Click to reveal solution
Explanation: slice_max(processed_at, n = 1) is the idiomatic "latest per group" pattern; with_ties = FALSE guards against the rare case where two rows share the same processed timestamp, which would otherwise both survive and break the uniqueness contract. In SQL this is ROW_NUMBER() OVER (PARTITION BY ... ORDER BY processed_at DESC) = 1. Document the tie-breaking rule alongside the key in your data dictionary.
Section 3. Type coercion and parsing (5 problems)
Exercise 3.1: Coerce a character vector of numbers to numeric
Task: A take-home interviewer hands you a character vector that should be numeric but came back as strings because the source CSV had a header row mixed in. Coerce c("1.5", "2.0", "3.7", "4.1") to a numeric vector and save the result to ex_3_1.
Expected result:
#> [1] 1.5 2.0 3.7 4.1
Difficulty: Beginner
Turn each text element into the number it represents.
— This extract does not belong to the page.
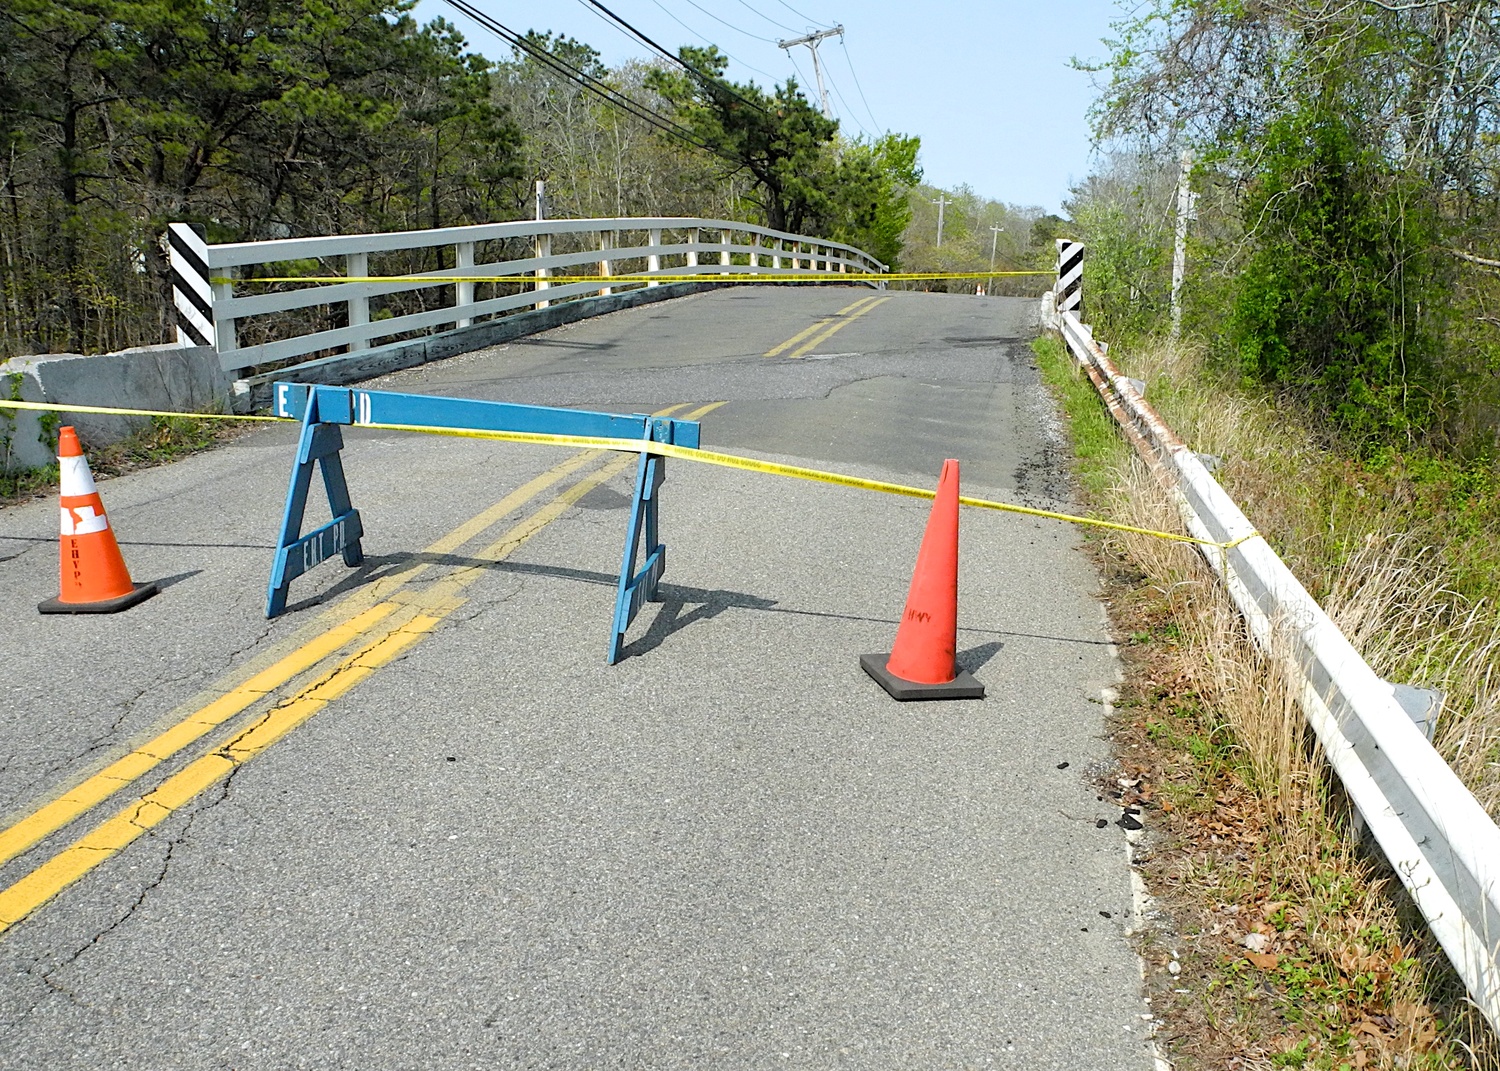 The Cranberry Hole Road bridge, which spans the Long Island Rail Road tracks, was blocked off this week because a hole has formed in the bridge decking, which was identified as dangerous by a state study more than six years ago.

Apply as.numeric() to the character vector.
Click to reveal solution
Explanation: as.numeric() parses each element with R's standard numeric rules and emits NA with a warning for anything unparseable. For locale-aware parsing (commas as decimal separators, currency symbols) reach for readr::parse_number() instead; it tolerates noise like "$1.5" or "1,234.5" and skips the warning churn that as.numeric() produces on mixed input.
Exercise 3.2: Parse a column with mixed date formats
Task: A consultant receives a survey export where the date_taken column has been entered three different ways: ISO ("2026-01-15"), US slash ("01/20/2026"), and abbreviated month ("Feb 5, 2026"). Parse them all into a single Date vector using lubridate::parse_date_time(). Save the parsed dates to ex_3_2.
Expected result:
#> [1] "2026-01-15" "2026-01-20" "2026-02-05"
Difficulty: Intermediate
Hand the parser an ordered list of candidate layouts so it can match each string to whichever one fits.
Use parse_date_time() with an orders argument such as c("ymd", "mdy", "B d, Y"), then wrap in as.Date().
Click to reveal solution
Explanation: parse_date_time() walks the orders vector in order and picks the first format that parses each element, which is exactly what you want for heterogeneous columns. It returns a POSIXct, so wrap with as.Date() when time-of-day is meaningless. Watch out for the mdy versus dmy ambiguity: "01/02/2026" is January 2nd in the US but February 1st in most of Europe, so confirm the source locale before trusting the parse.
Exercise 3.3: Convert a factor to numeric without scrambling the values
Task: A reviewer flags that a colleague's regression code applied as.numeric() directly to a numeric-looking factor and silently produced the factor levels' integer codes instead of the original numbers. Convert factor(c("10", "20", "30", "10")) back to the original numeric values using the safe two-step idiom and save to ex_3_3.
Expected result:
#> [1] 10 20 30 10
Difficulty: Intermediate
A factor's hidden integer codes are not its labels, so route the conversion through the label text.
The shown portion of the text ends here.